**PROVIDED MATERIAL:**
__________________________________________________

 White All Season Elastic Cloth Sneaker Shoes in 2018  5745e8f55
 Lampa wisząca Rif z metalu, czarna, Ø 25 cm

__________________________________________________

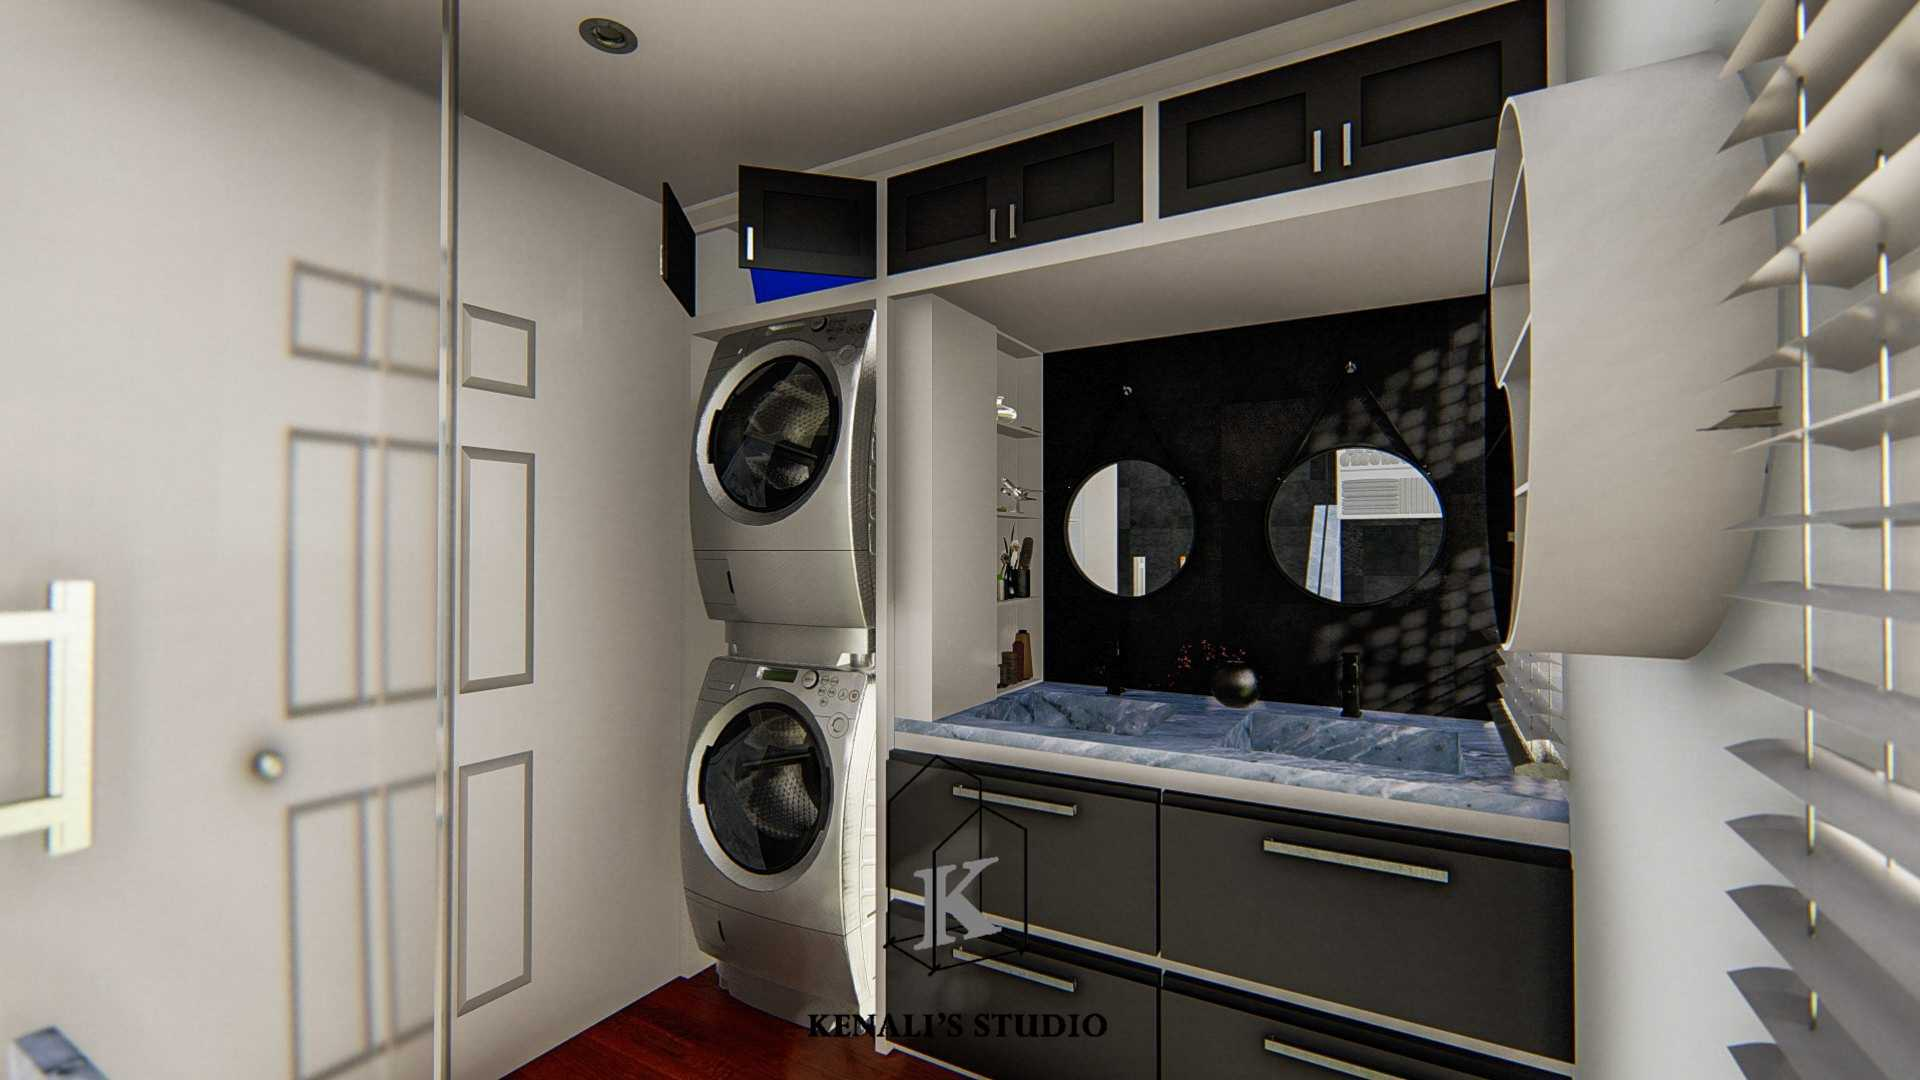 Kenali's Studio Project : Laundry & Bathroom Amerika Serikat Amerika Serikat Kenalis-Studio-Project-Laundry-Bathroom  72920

__________________________________________________

**BRIEF:** Transcribe the lines above between the line holding "White All Season" and the line holding "Lampa wisząca Rif z metalu, czarna, Ø 25 cm", inclusive, exactly as they stand and with nothing added.

**OUTPUT FOR THIS TASK:**
 White All Season Elastic Cloth Sneaker Shoes in 2018  5745e8f55
 Lampa wisząca Rif z metalu, czarna, Ø 25 cm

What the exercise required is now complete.